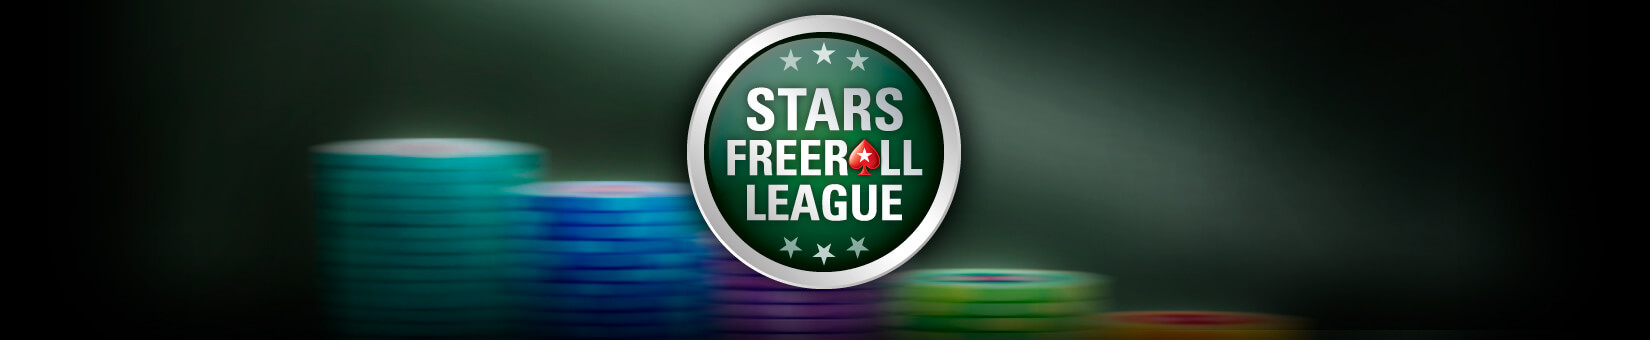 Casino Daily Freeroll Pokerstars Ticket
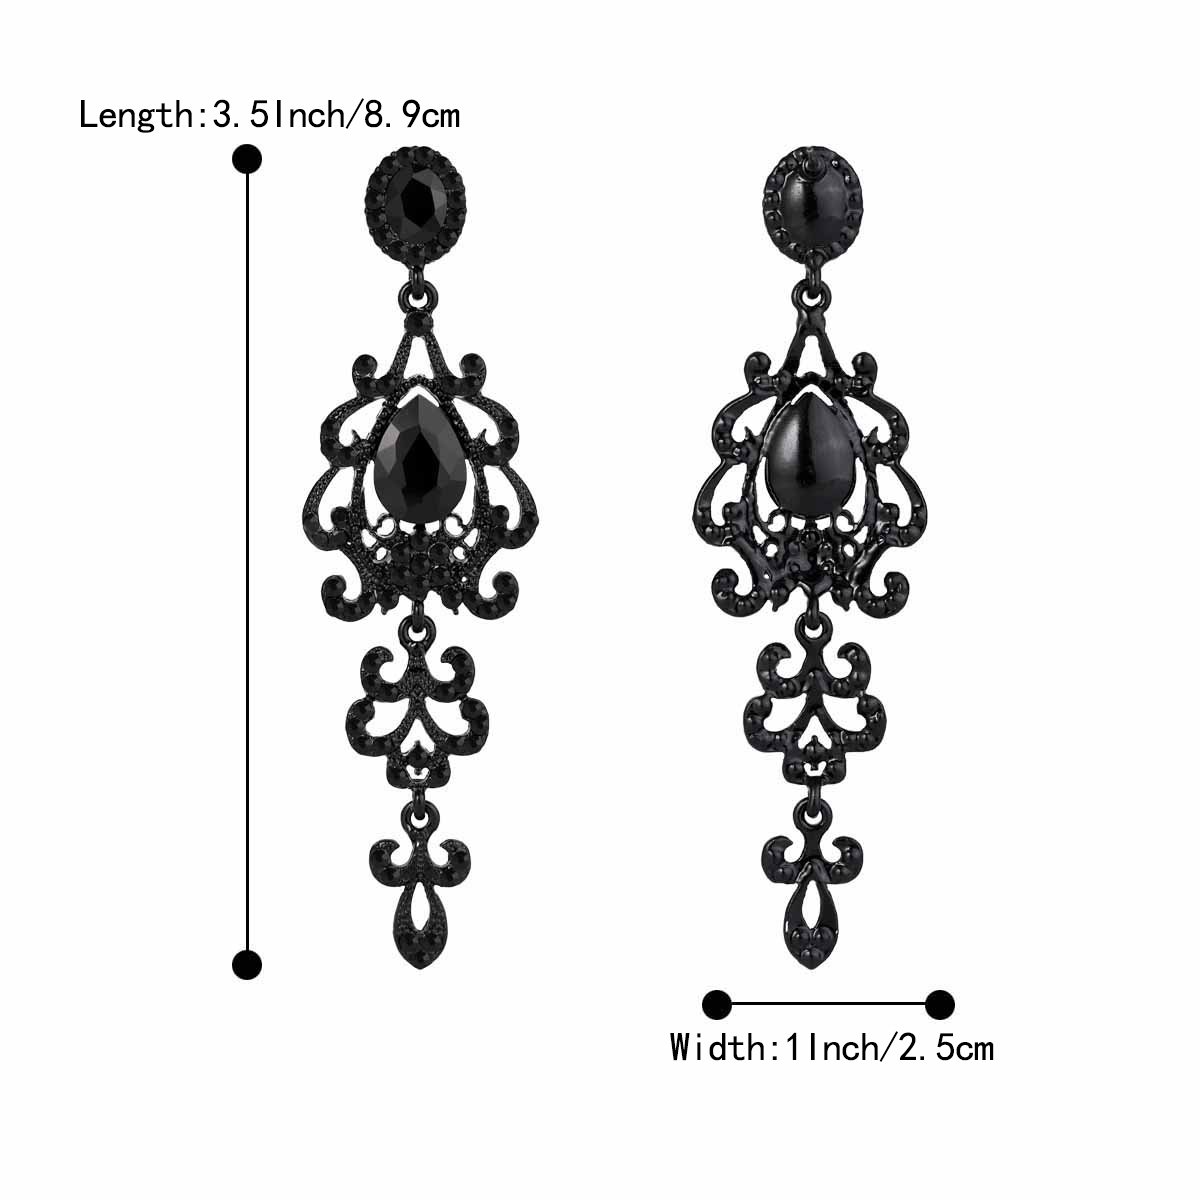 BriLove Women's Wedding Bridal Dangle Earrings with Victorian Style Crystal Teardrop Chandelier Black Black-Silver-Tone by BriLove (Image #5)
■ ■ ■ ■
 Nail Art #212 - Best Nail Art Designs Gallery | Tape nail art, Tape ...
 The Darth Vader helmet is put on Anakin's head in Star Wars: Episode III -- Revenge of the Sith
■ ■ ■ ■
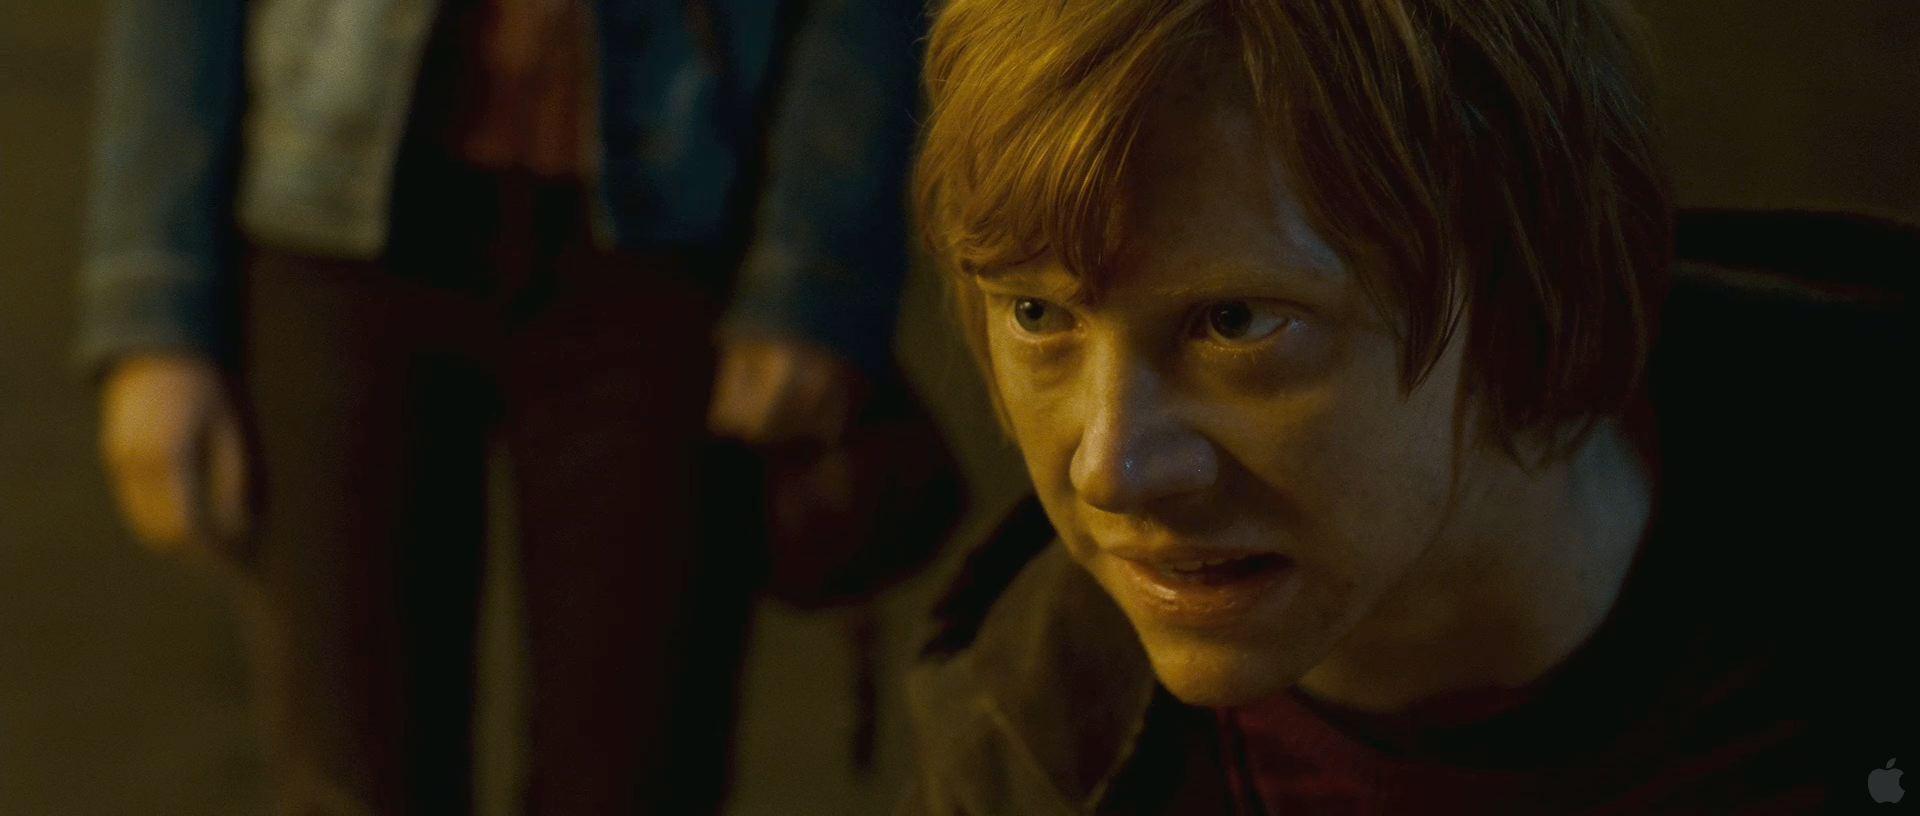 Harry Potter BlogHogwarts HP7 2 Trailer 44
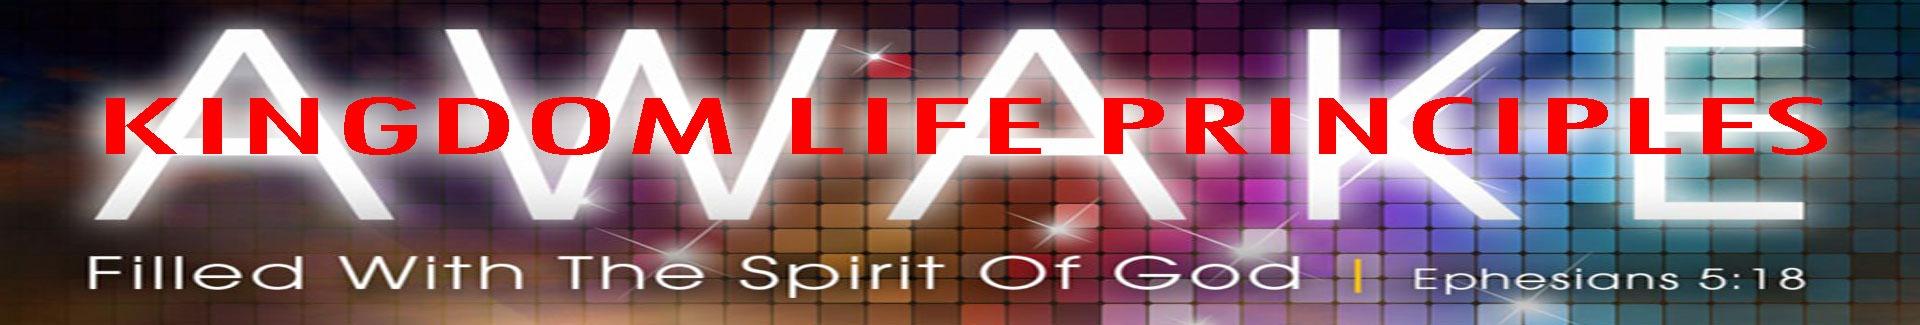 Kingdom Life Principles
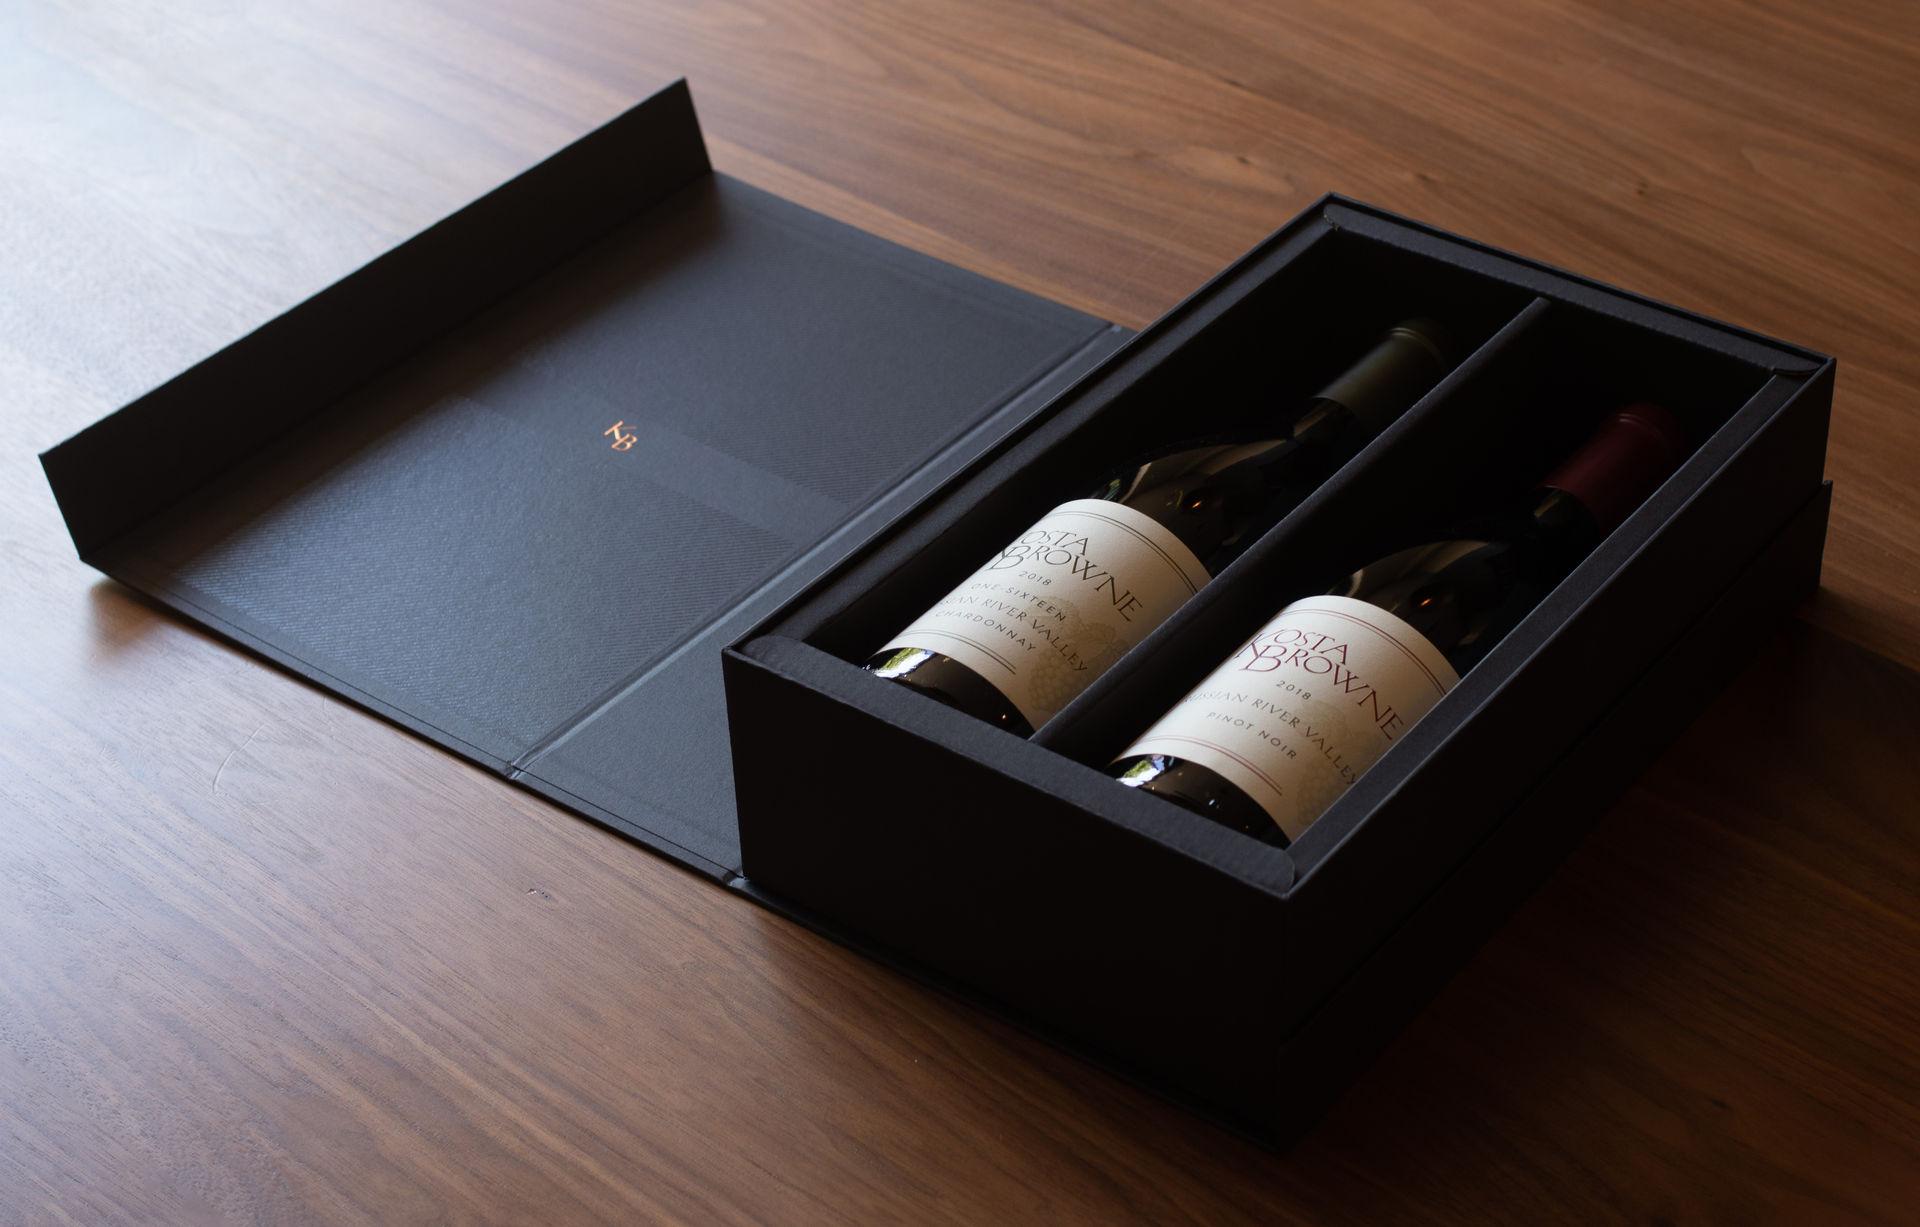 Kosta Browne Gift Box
■ ■ ■ ■
### Required work
In the records above, find the line with "Casino Daily Freeroll Pokerstars Ticket" and the line with "BriLove Women's Wedding"; please transcribe exactly those two lines and all lines between them, omitting any picture.

### Solved exercise
 Casino Daily Freeroll Pokerstars Ticket
 BriLove Women's Wedding Bridal Dangle Earrings with Victorian Style Crystal Teardrop Chandelier Black Black-Silver-Tone by BriLove (Image #5)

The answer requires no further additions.